To carry out the project, three datasets were used, whose comparison can be found in Table 1, highlighting the extensive volume of the datasets and their main characteristics.

The private dataset was provided by the Hospitais Universitários de Coimbra (HUC) Radiotherapy Department. All scans are anonymized, and the slices/images have been reviewed to preclude the presence of personal information. Table 2 presents descriptive statistics for the ages of the participants, and an illustrative image is given in Figure 3. For more details on the private dataset, we refer to [28].

The 3D-IRCADb01 public dataset is composed of the 3D CT-scans of 20 patients with hepatic tumors in 75% of cases. CHAOS challenge aimed at the segmentation of abdominal organs (liver, kidneys, and spleen) from CT and MRI scans. CHAOS was held in the IEEE International Symposium on Biomedical Imaging (ISBI) on 11 April 2019, Venice, Italy. For this challenge, a public dataset was presented [27]. This dataset contains 80 medical imaging scans, but only 40 of them are CT scans from healthy abdomen organs without any pathological abnormalities; the remainder consisted of MRI scans. From the 40 CT scans, only 20 were intended by the challenge to be used for training and the remaining 20 for testing, with no ground truth for the latter. Given the methodology defined for implementing this project, it was decided to discard the 20 test CT scans.

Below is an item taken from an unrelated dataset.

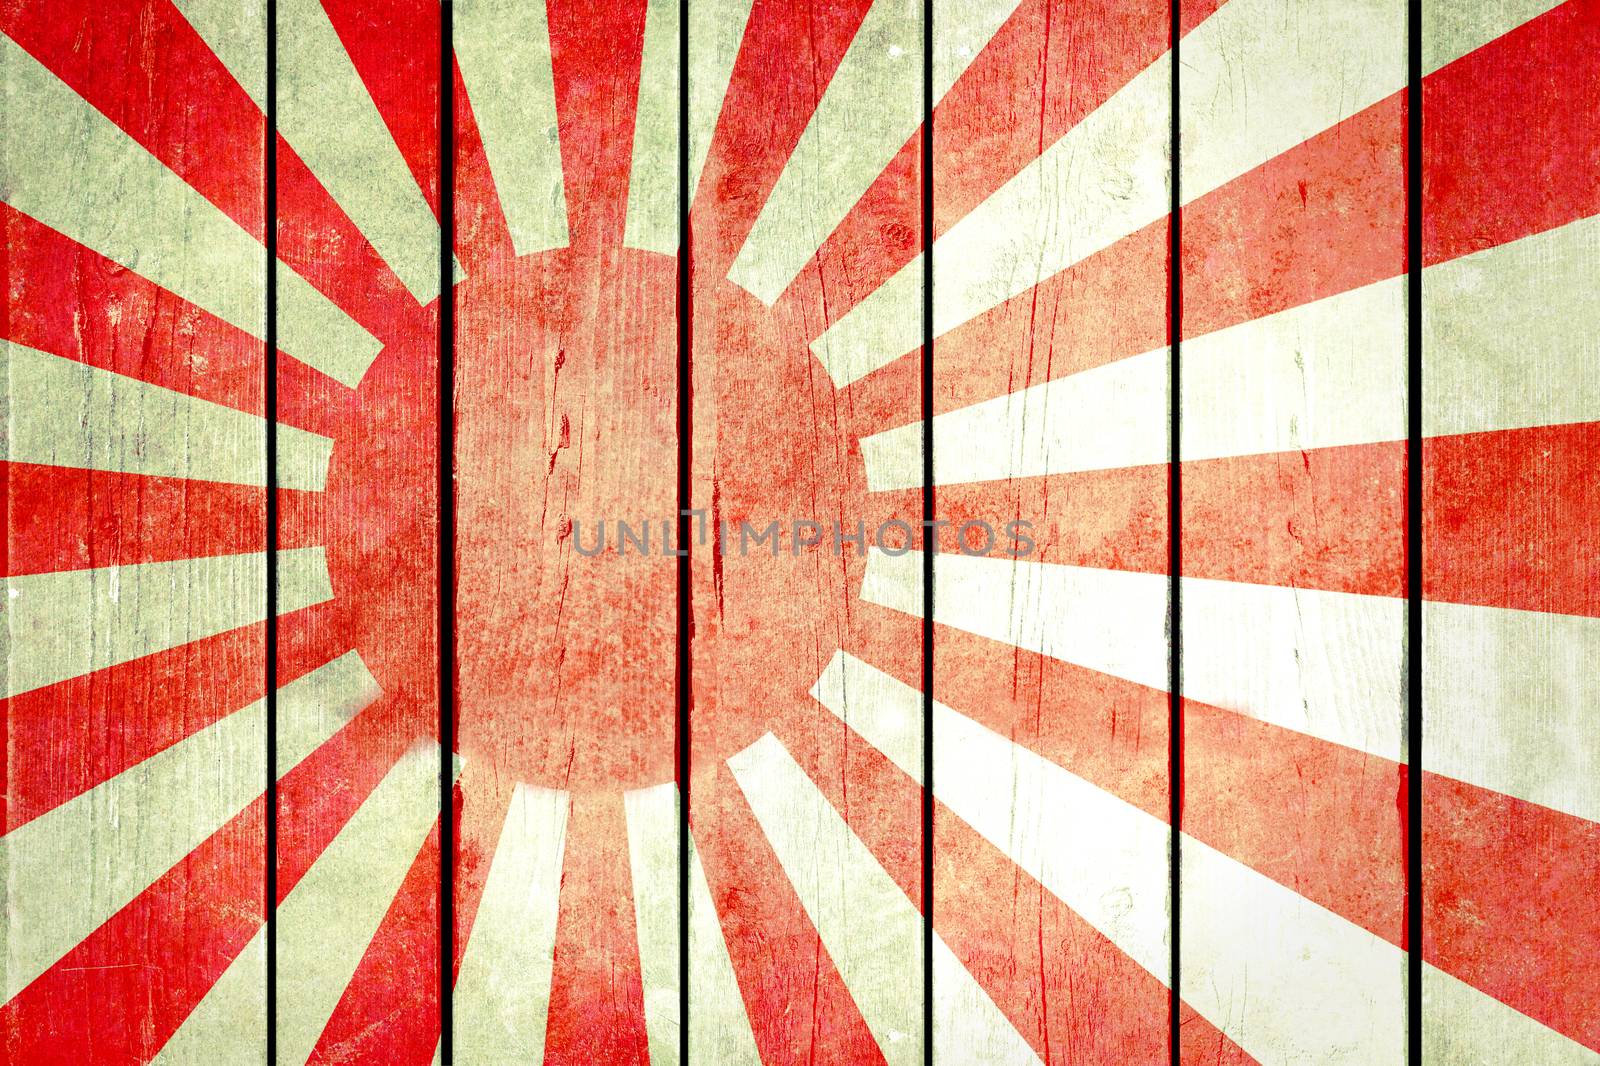 Imperial Japan wooden grunge flag. Imperial Japan flag painted on the old wooden planks. Vintage retro picture from my collection of flags.

In this paper, each phase of incrementalization introduces new data from the private dataset according to the following structure:

In the initial phase, models are trained exclusively on private data to establish a baseline performance.
In a subsequent phase, only public datasets are used to simulate various imaging conditions.
The final phases merge private and public datasets, providing a comprehensive and varied training environment.

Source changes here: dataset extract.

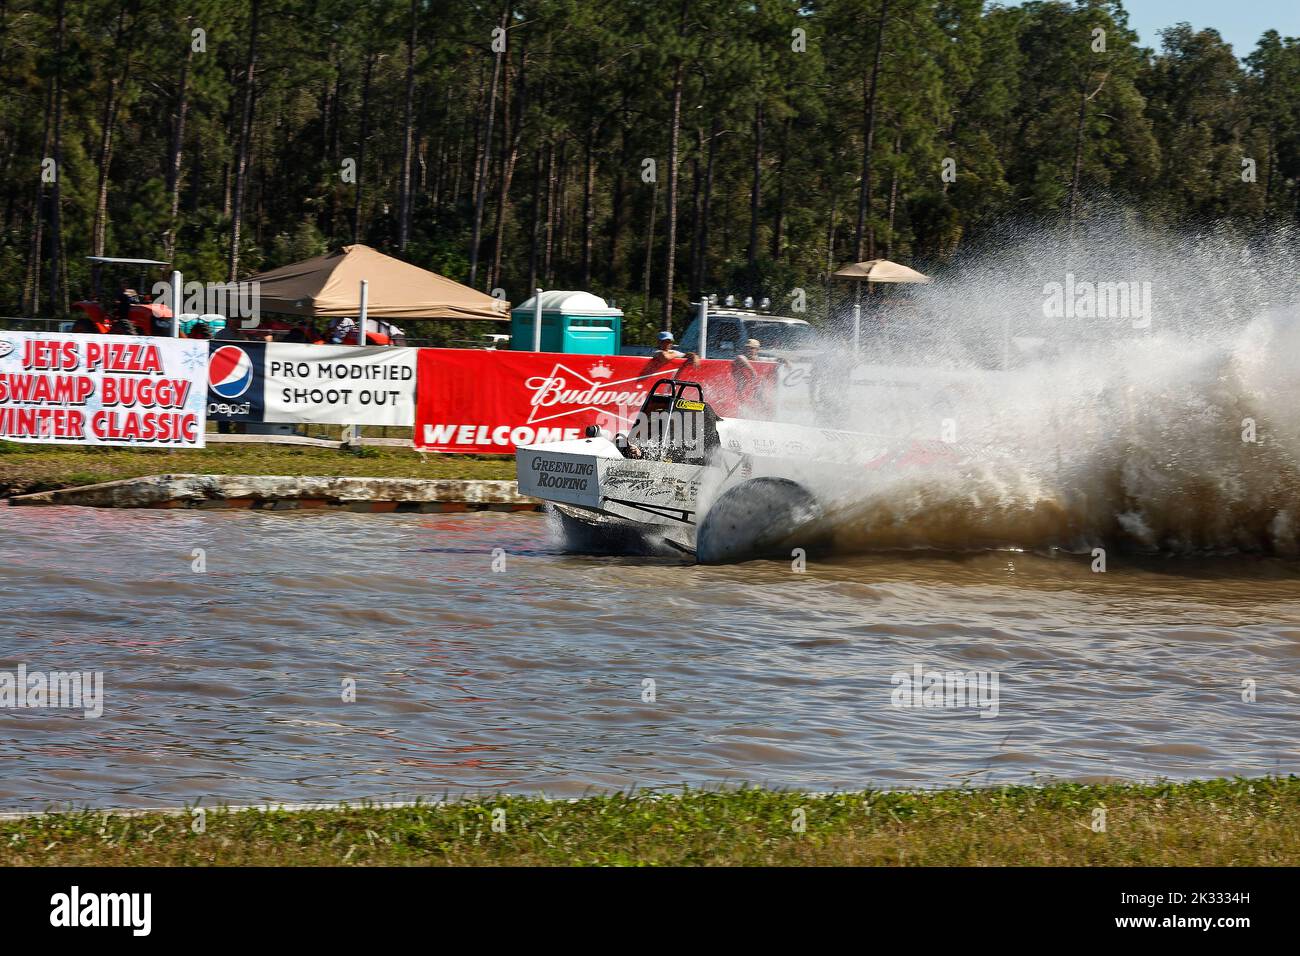 swamp buggy racing, very large water spray, action, advertising banners, spectators, contest, motion, sport, Florida Sports Park, Naples, FL Stock Photo

Figure 4 presents the distribution and structure of each dataset used to train, validate, and test the models. Slices with no liver were not used.

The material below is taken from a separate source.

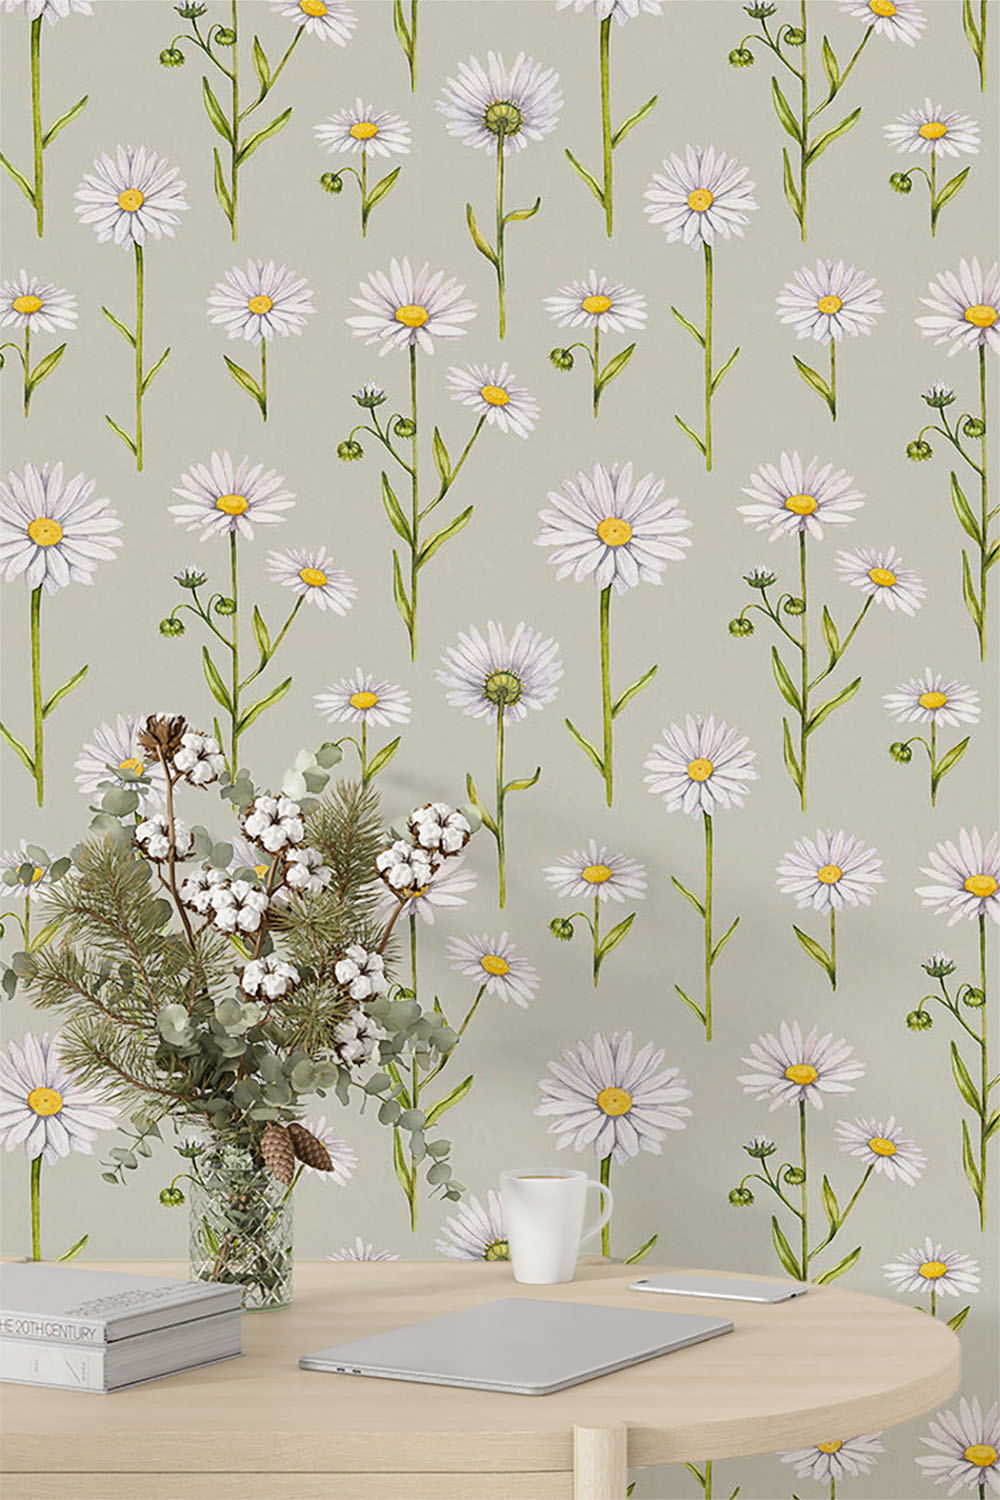 daisy-flower-with-stem-and-leaf-wallpaper-sample

4.4. Segmentation Pipeline

The overall segmentation pipeline is shown in Figure 5 and includes data pre-processing (Section 4.4.1), segmentation models (Section 4.4.2), and post-processing (Section 4.4.3).

4.4.1. Pre-Processing

Pre-processing in medical imaging is a crucial step to prepare images for further analysis. This phase involved various techniques to enhance the quality and usability of the images. Figure 6 represents the steps for the pre-processing stage.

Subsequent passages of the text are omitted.